======== Exercise data

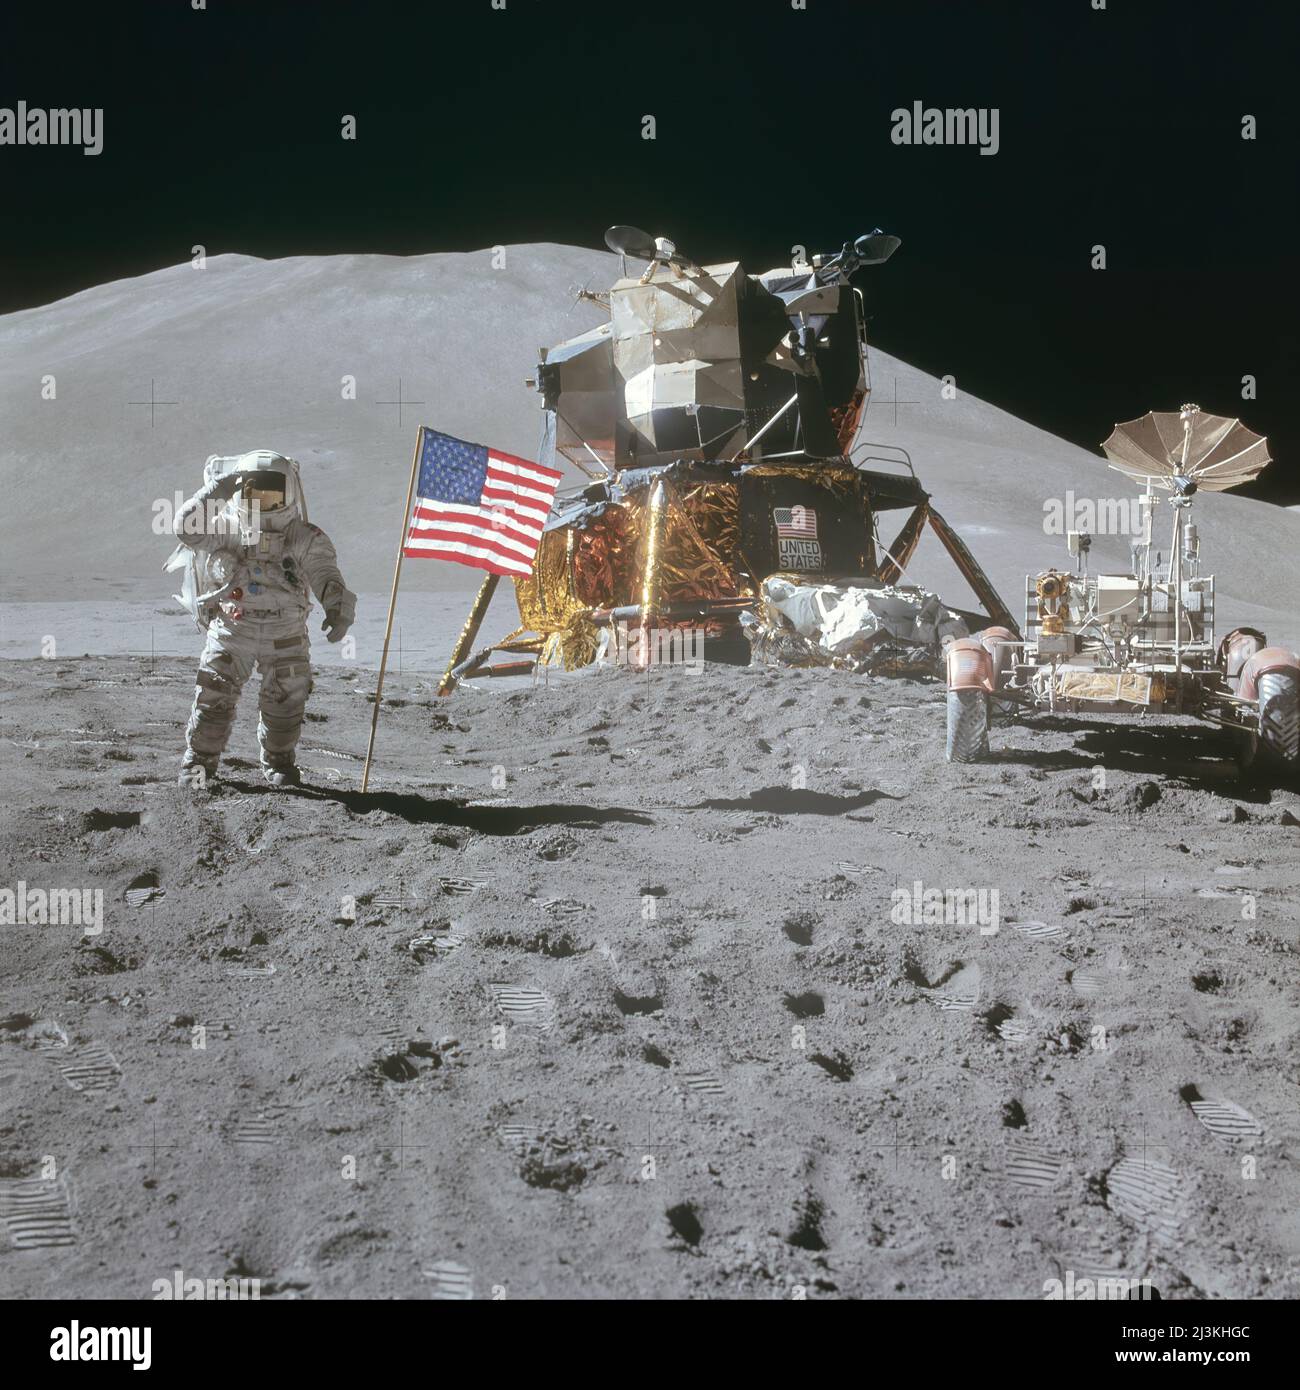 L'astronauta James Irwin, pilota a modulo lunare, saluta bandiera americana durante l'attività extraveicolare della superficie lunare Apollo 15 (EVA) presso il sito di atterraggio di Hadley-Appennine. Il modulo Lunar (LM) 'Falcon' si trova al centro. Sulla destra si trova il Lunar Roving Vehicle (LRV). Il delta di Hadley sullo sfondo sorge a circa 4.000 metri (circa 13.124 piedi) sopra la pianura. Foto Stock
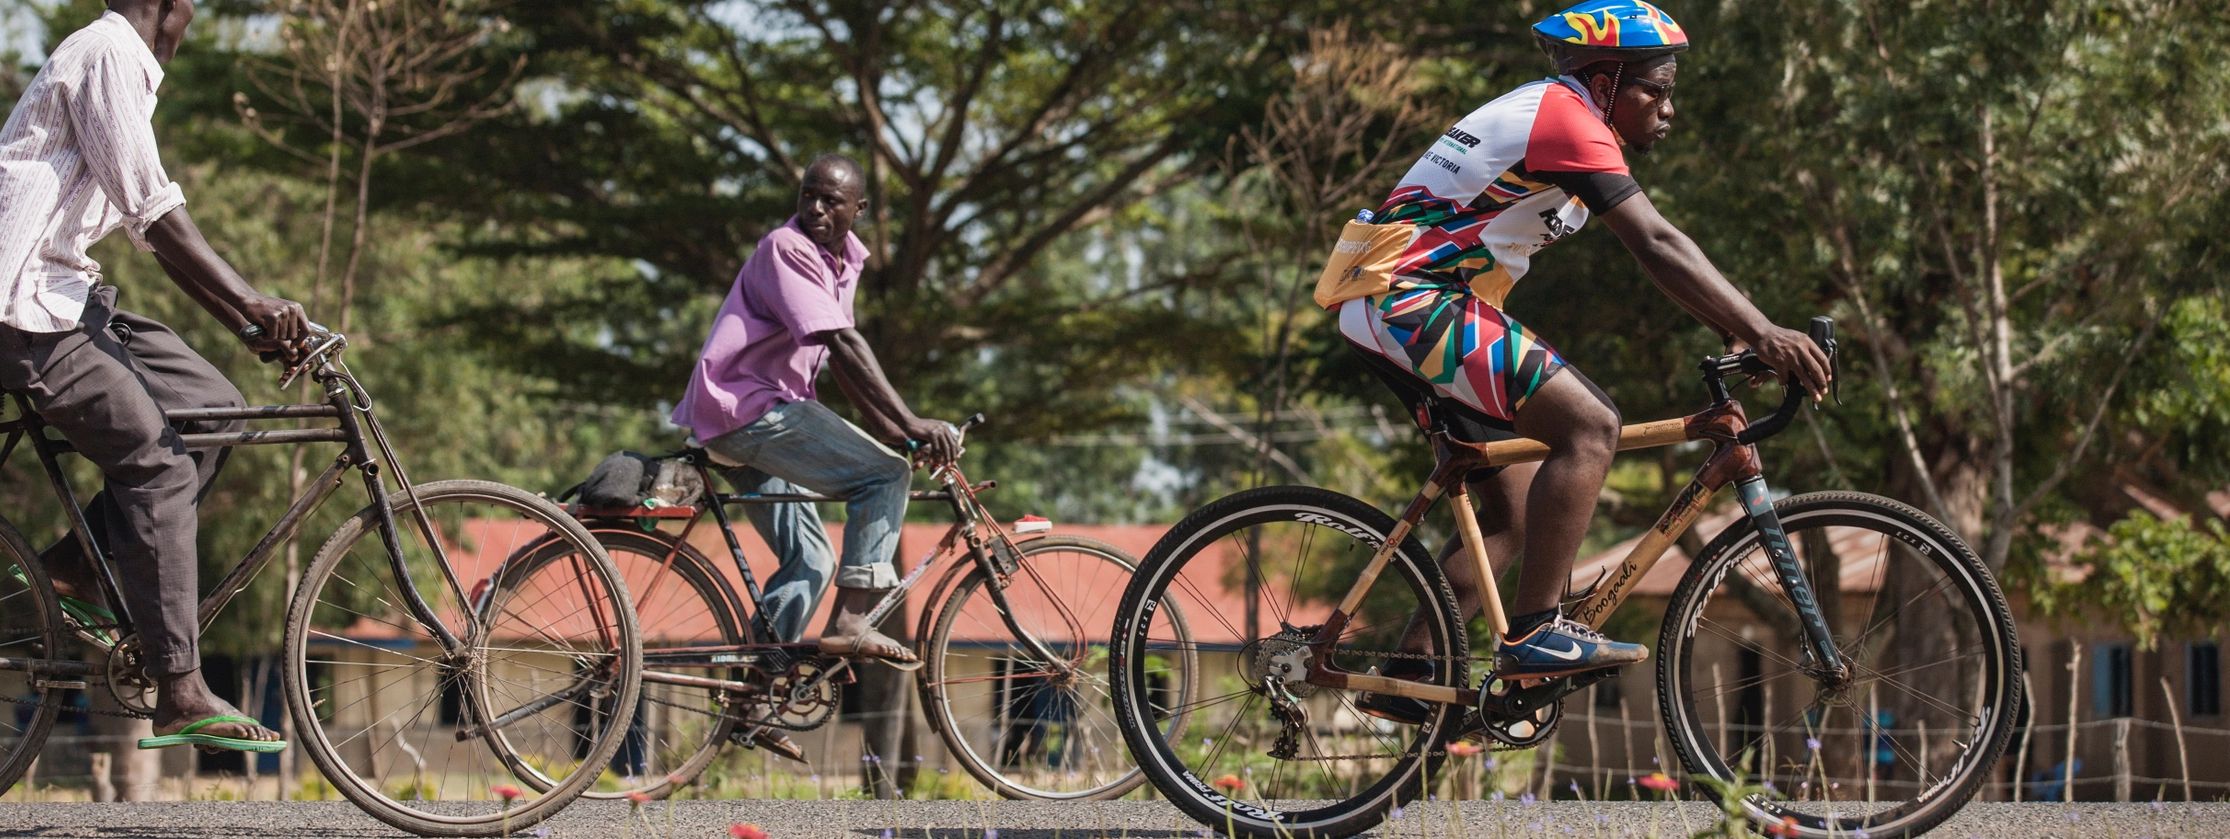 Used Bikes For Sale In Uganda
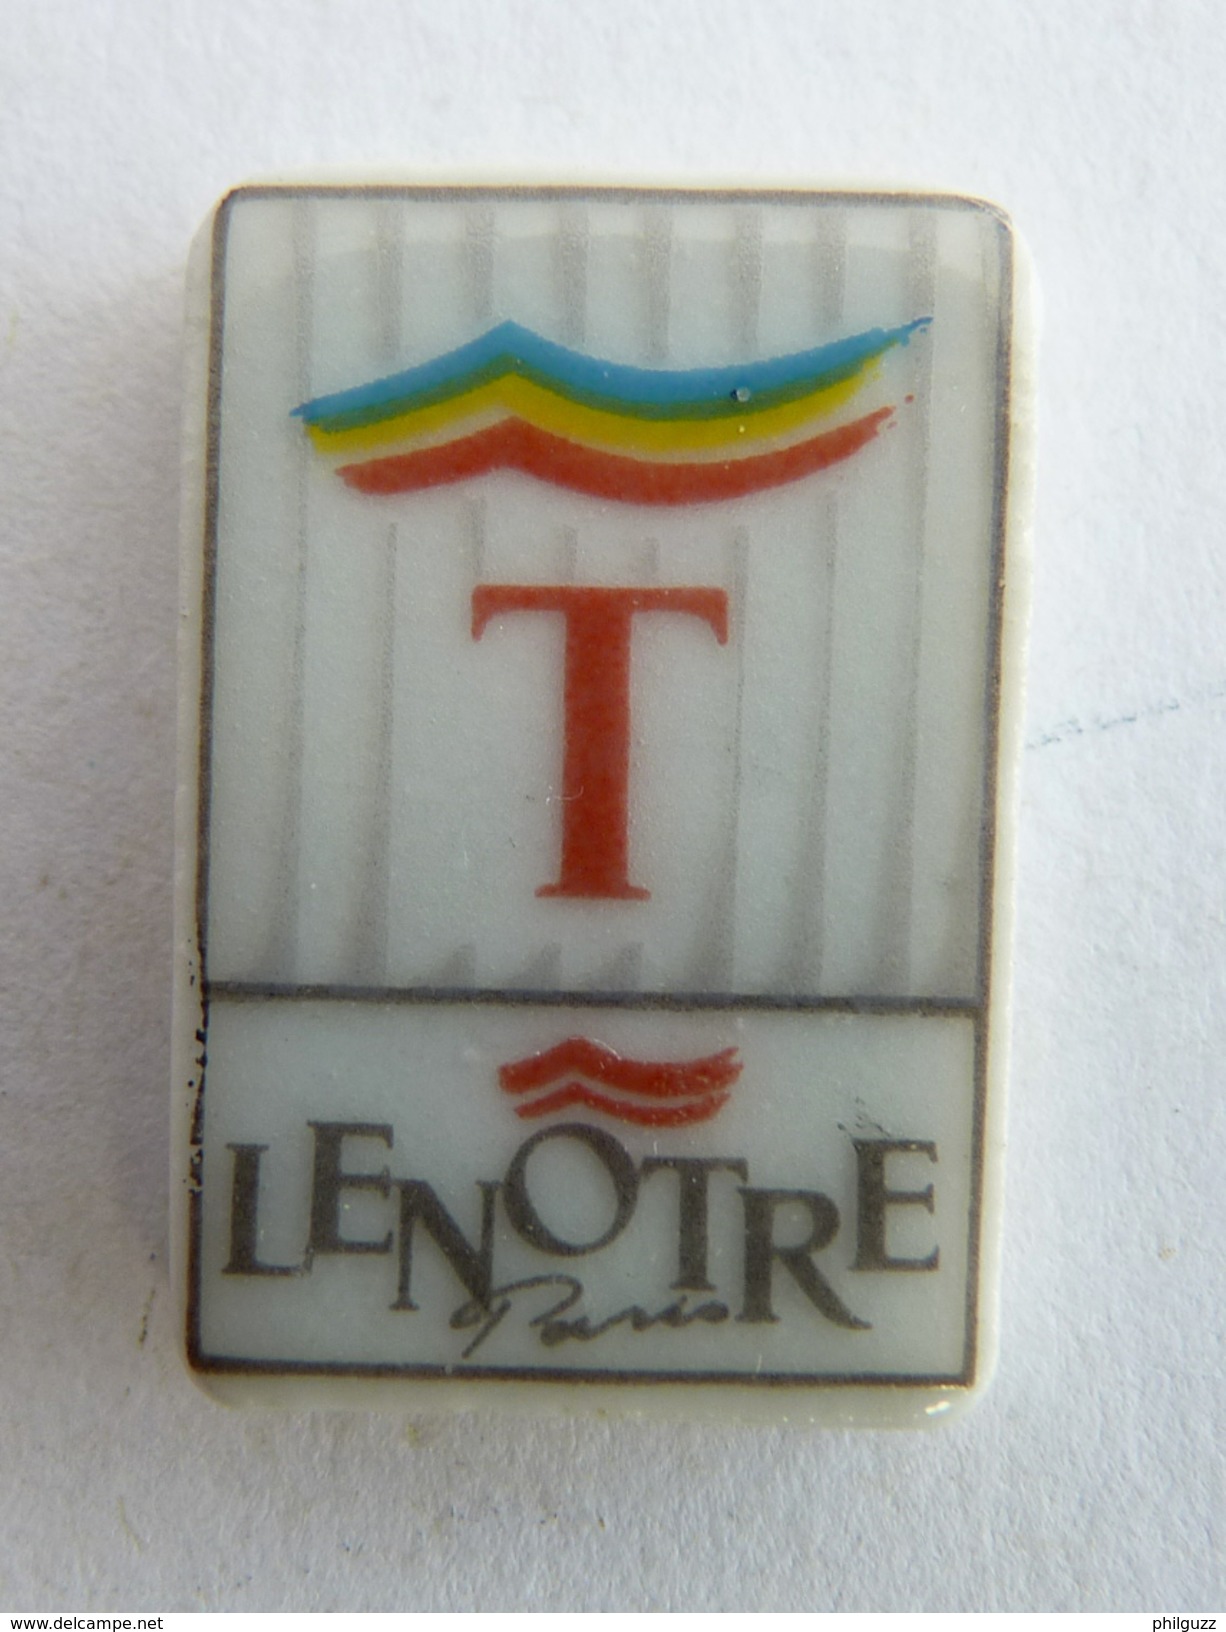 FEVE PUBLICITAIRE PERSO - LENÖTRE 1991 LETTRE T (1) - Frühe Figuren

================

§ **Work item**
When you retype the material above, copy each line exactly and drop whatever images appear in it.

§ **Exercise result**
 L'astronauta James Irwin, pilota a modulo lunare, saluta bandiera americana durante l'attività extraveicolare della superficie lunare Apollo 15 (EVA) presso il sito di atterraggio di Hadley-Appennine. Il modulo Lunar (LM) 'Falcon' si trova al centro. Sulla destra si trova il Lunar Roving Vehicle (LRV). Il delta di Hadley sullo sfondo sorge a circa 4.000 metri (circa 13.124 piedi) sopra la pianura. Foto Stock
 Used Bikes For Sale In Uganda
 FEVE PUBLICITAIRE PERSO - LENÖTRE 1991 LETTRE T (1) - Frühe Figuren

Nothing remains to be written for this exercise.